**Exercise directions**
An exact copy of each line below is needed, with no images in it.

**Data block**
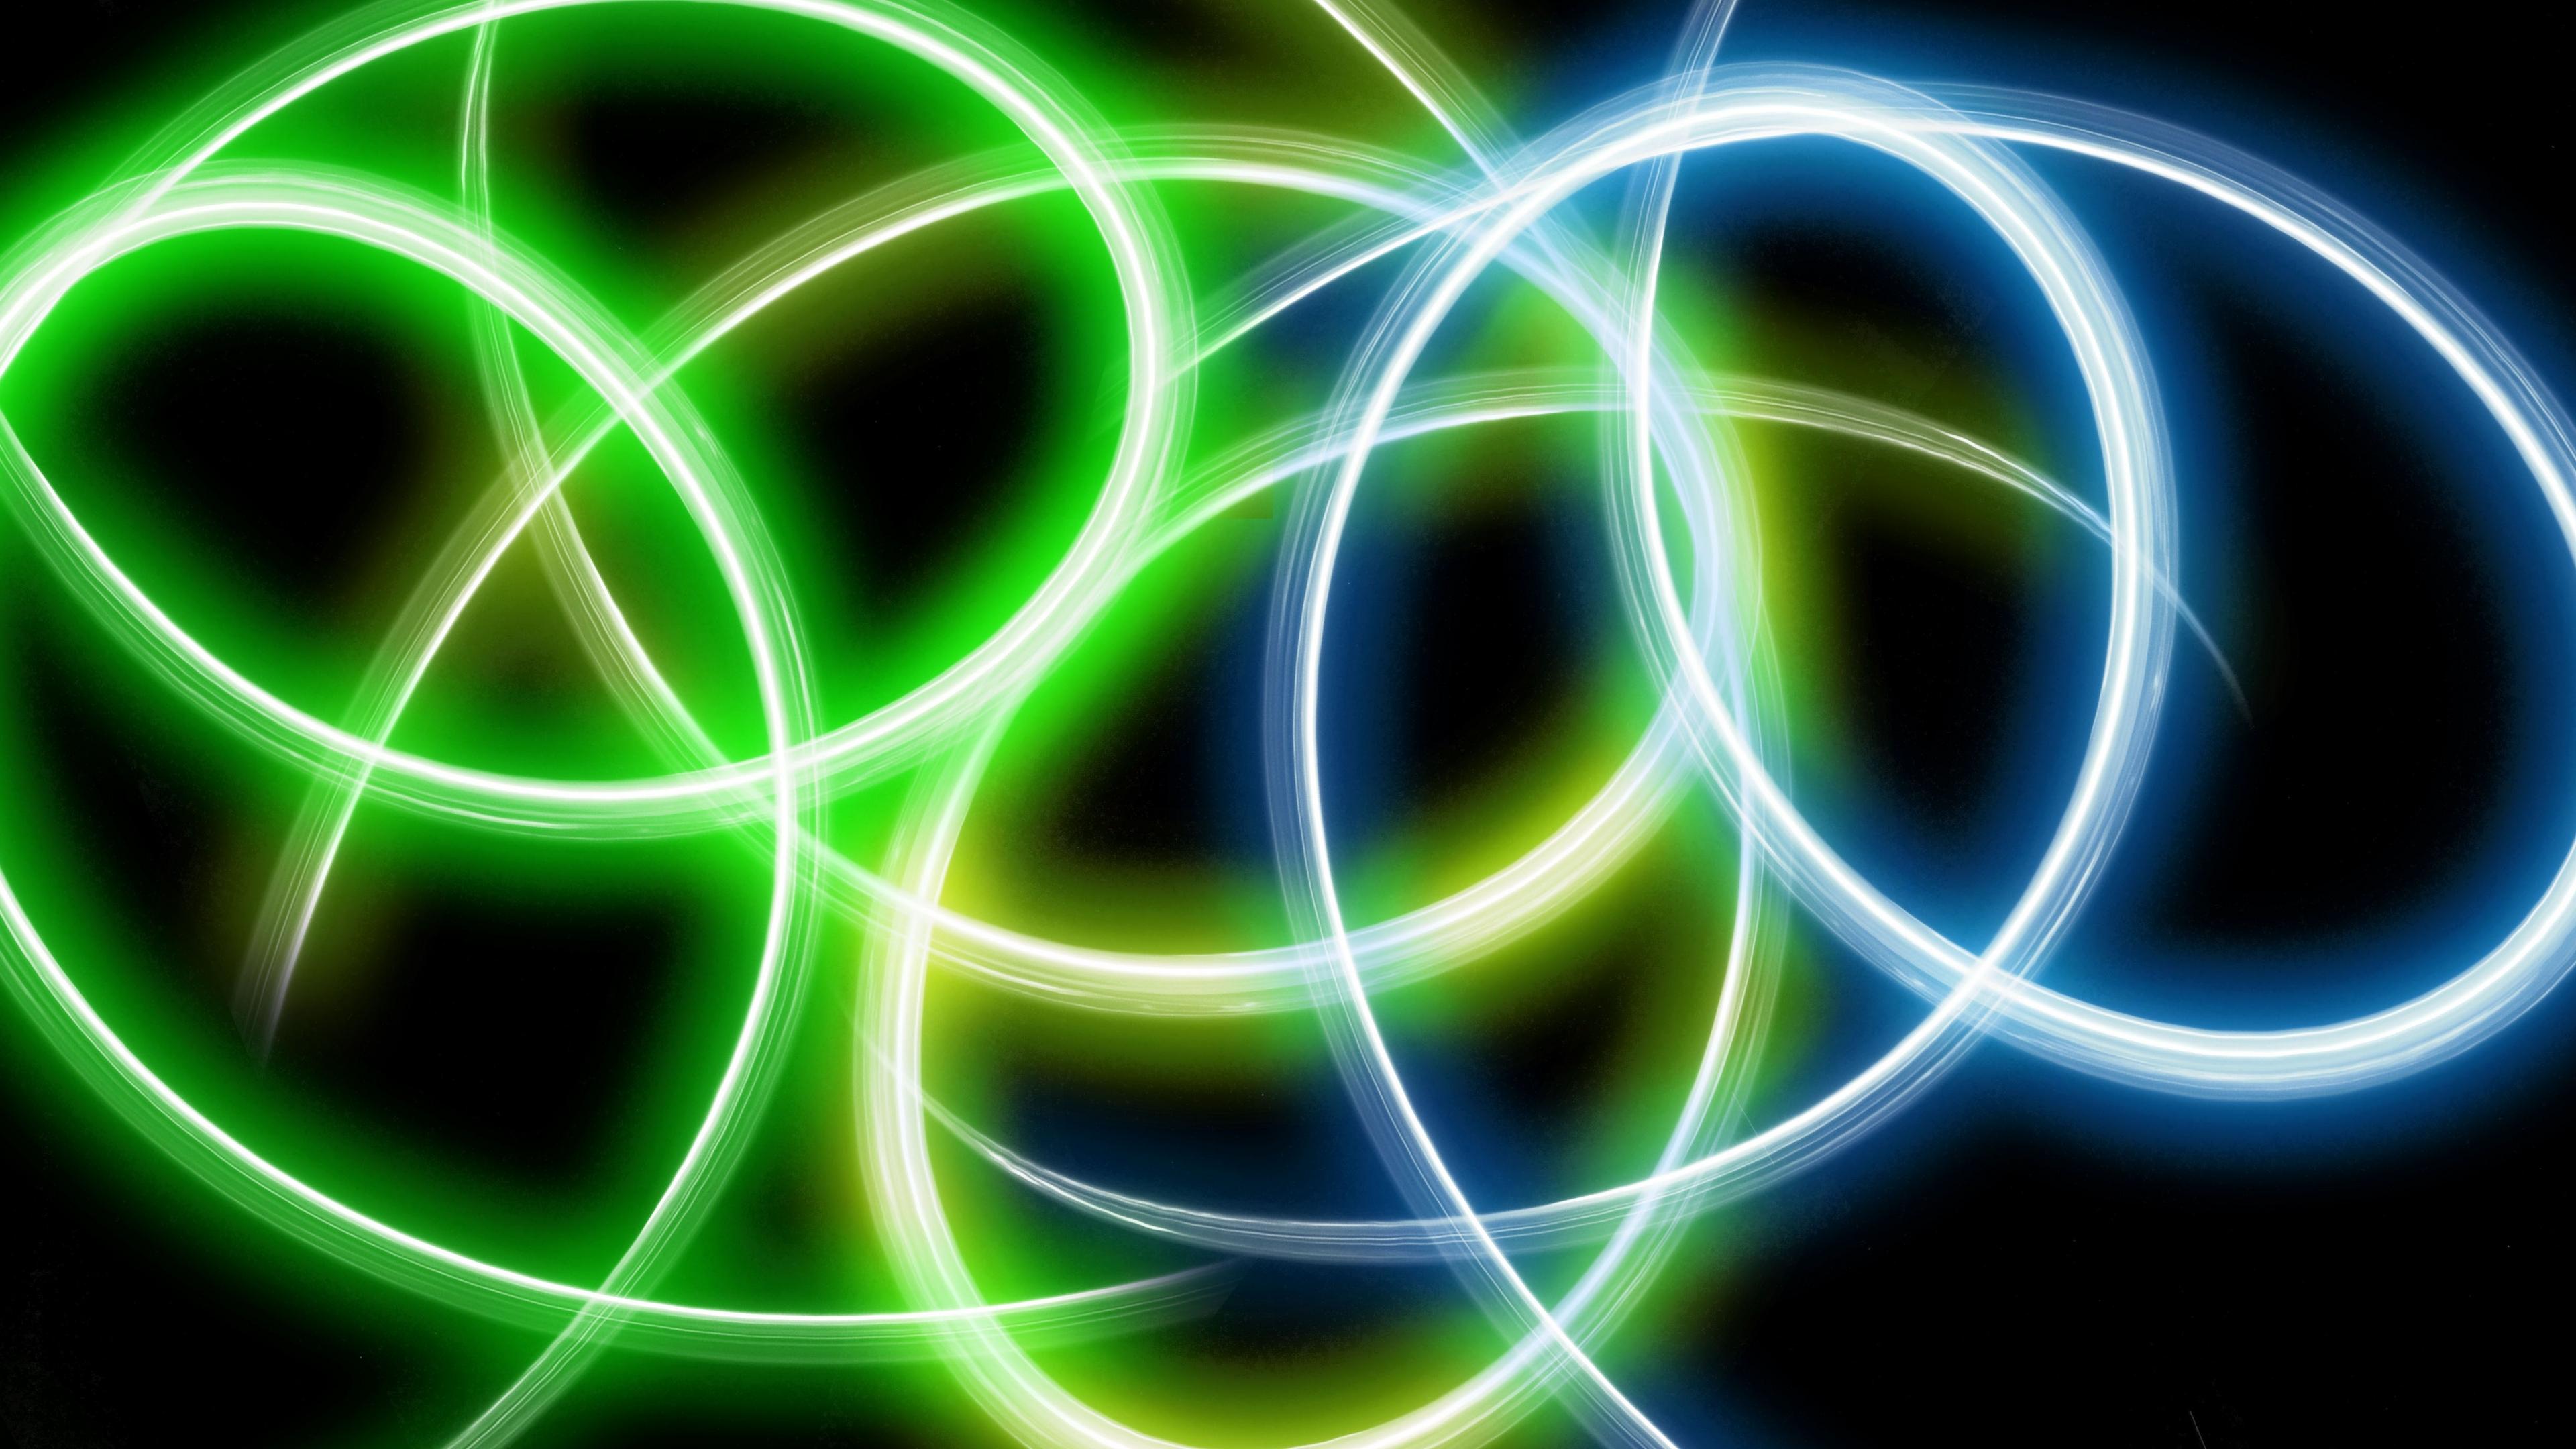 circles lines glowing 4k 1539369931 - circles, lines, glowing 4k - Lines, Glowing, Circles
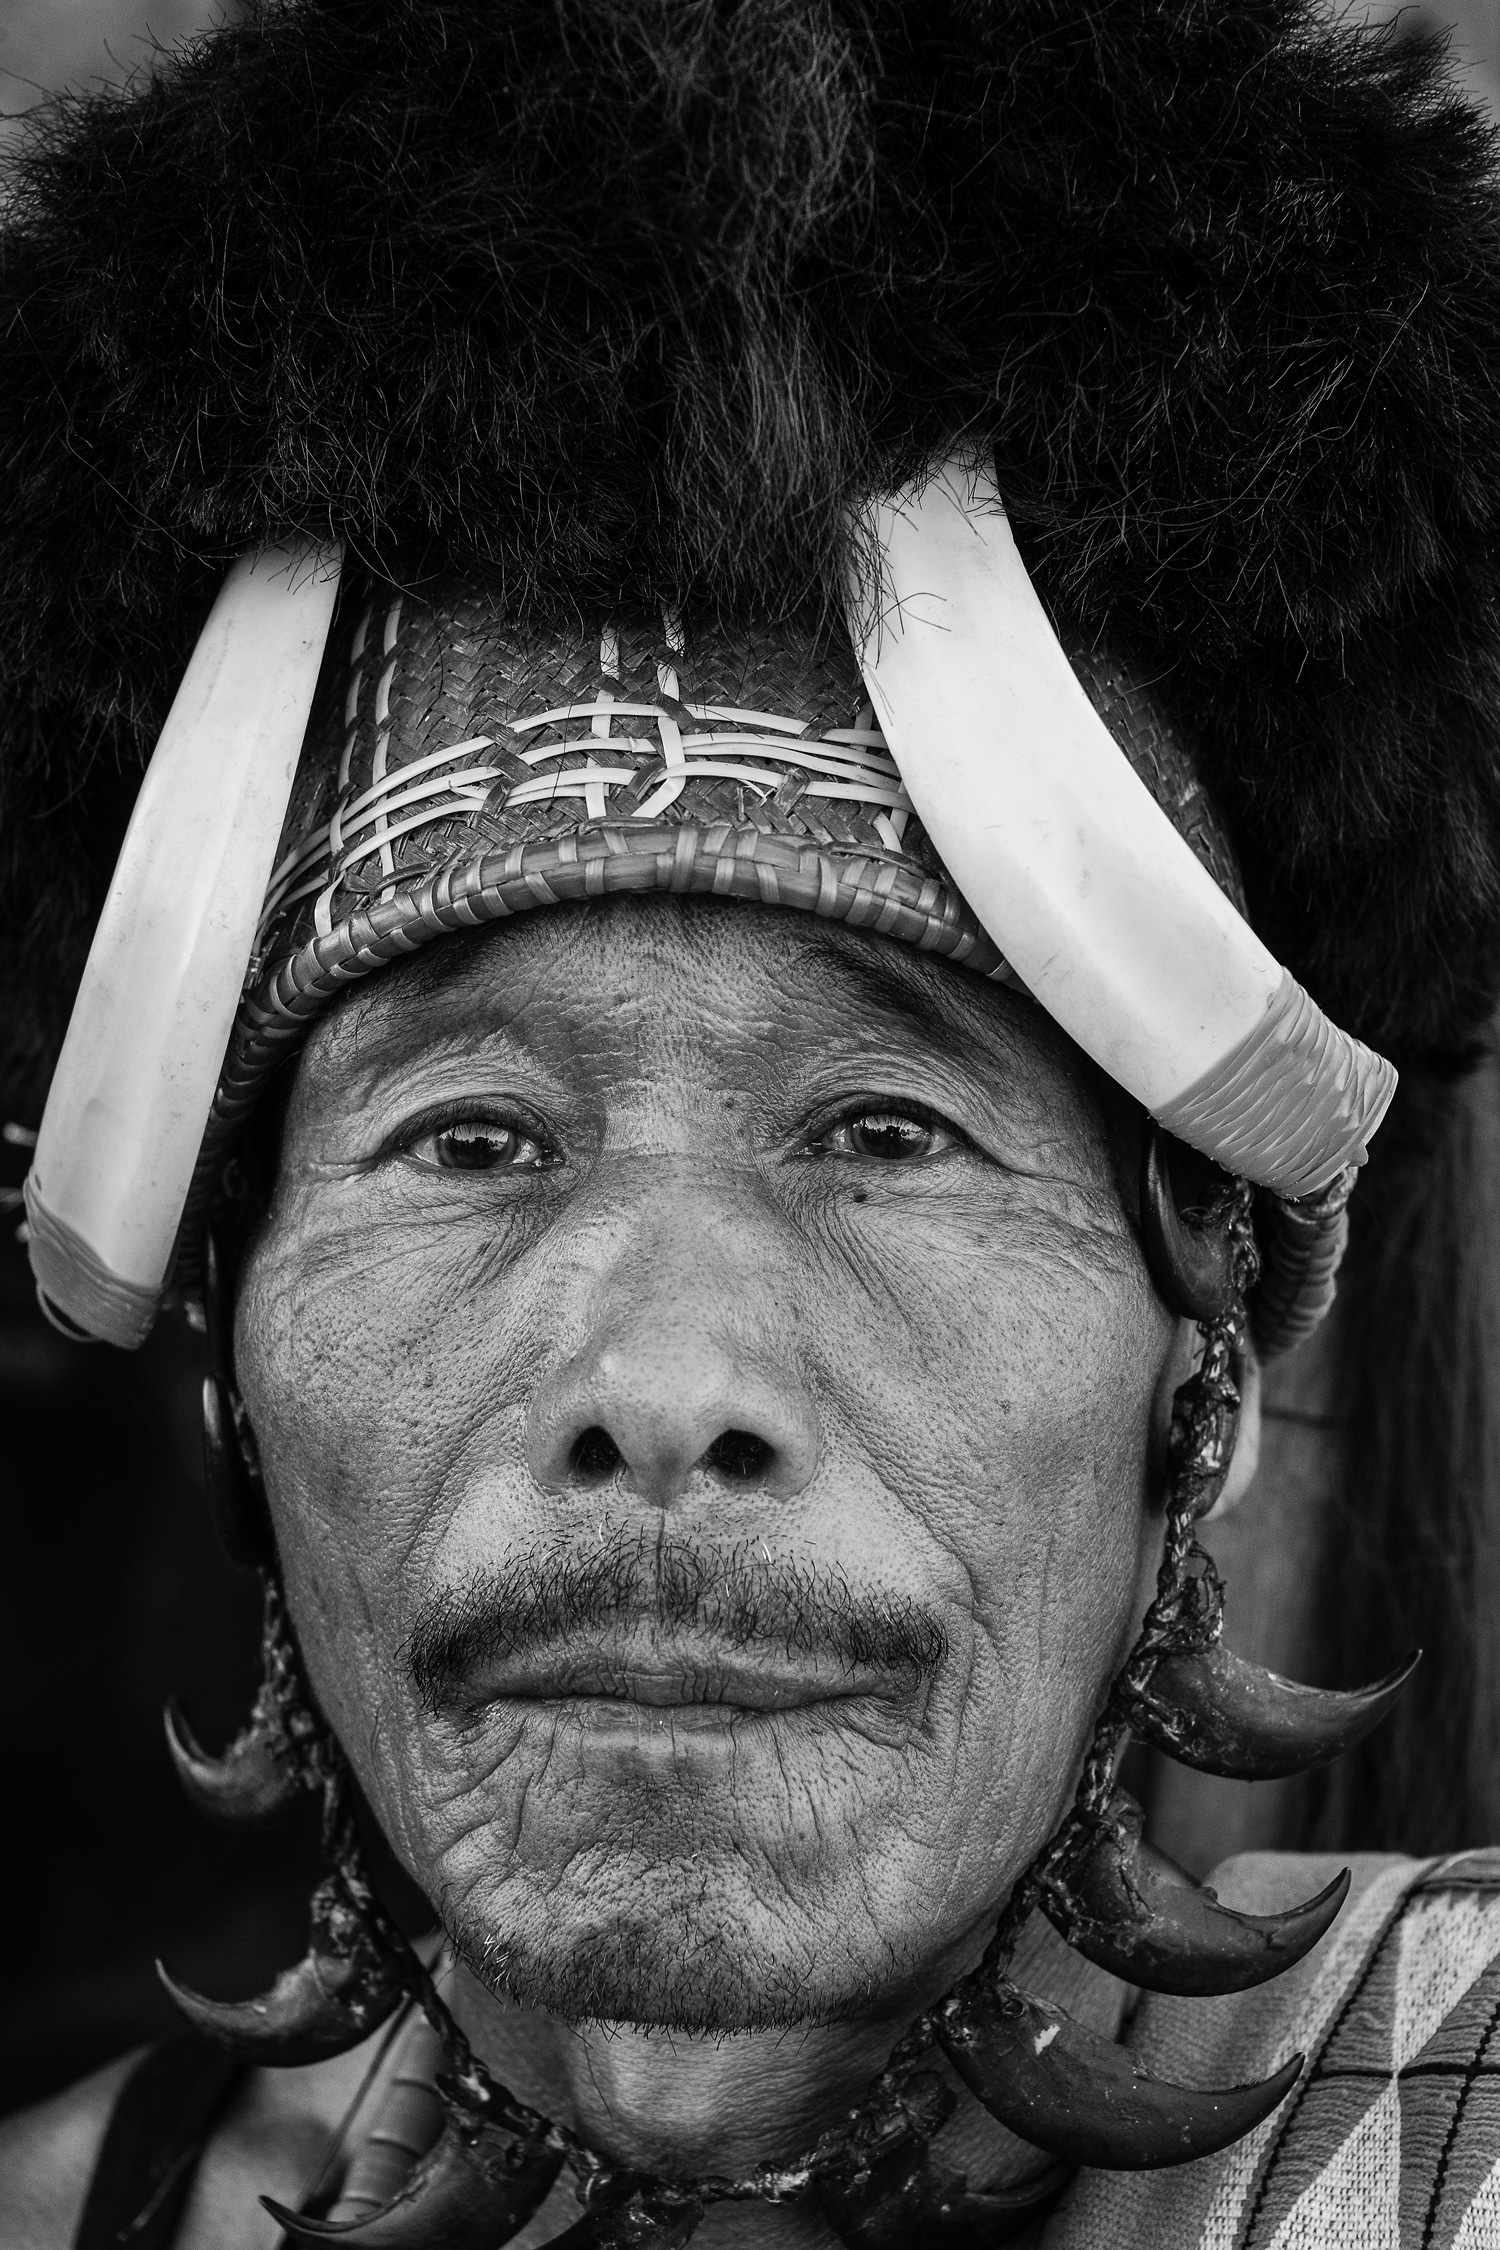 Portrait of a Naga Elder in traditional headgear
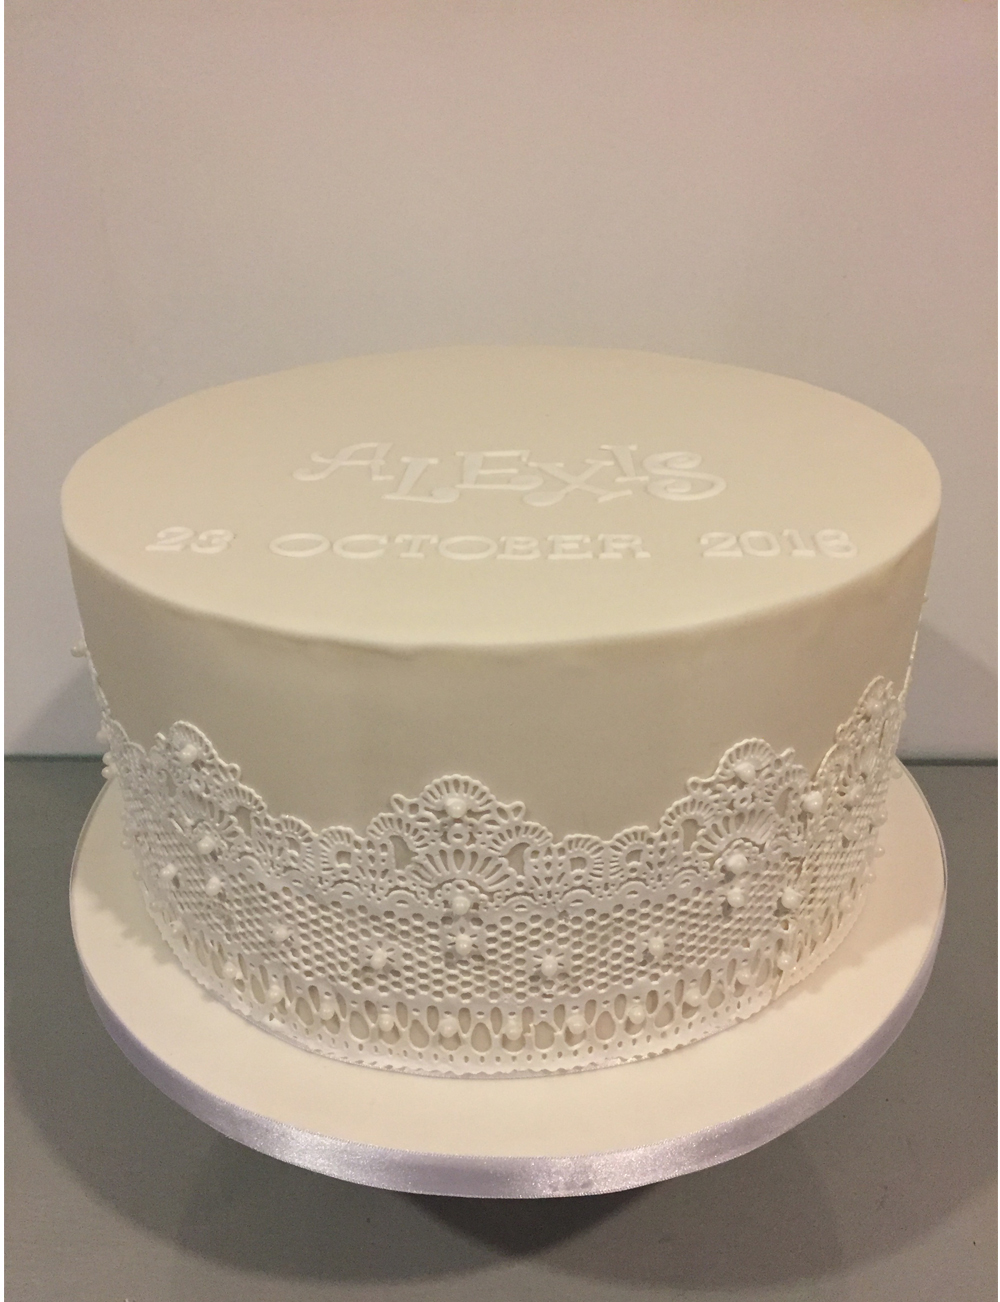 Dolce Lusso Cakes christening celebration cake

**Solution for this problem**
 circles lines glowing 4k 1539369931 - circles, lines, glowing 4k - Lines, Glowing, Circles
 Portrait of a Naga Elder in traditional headgear
 Dolce Lusso Cakes christening celebration cake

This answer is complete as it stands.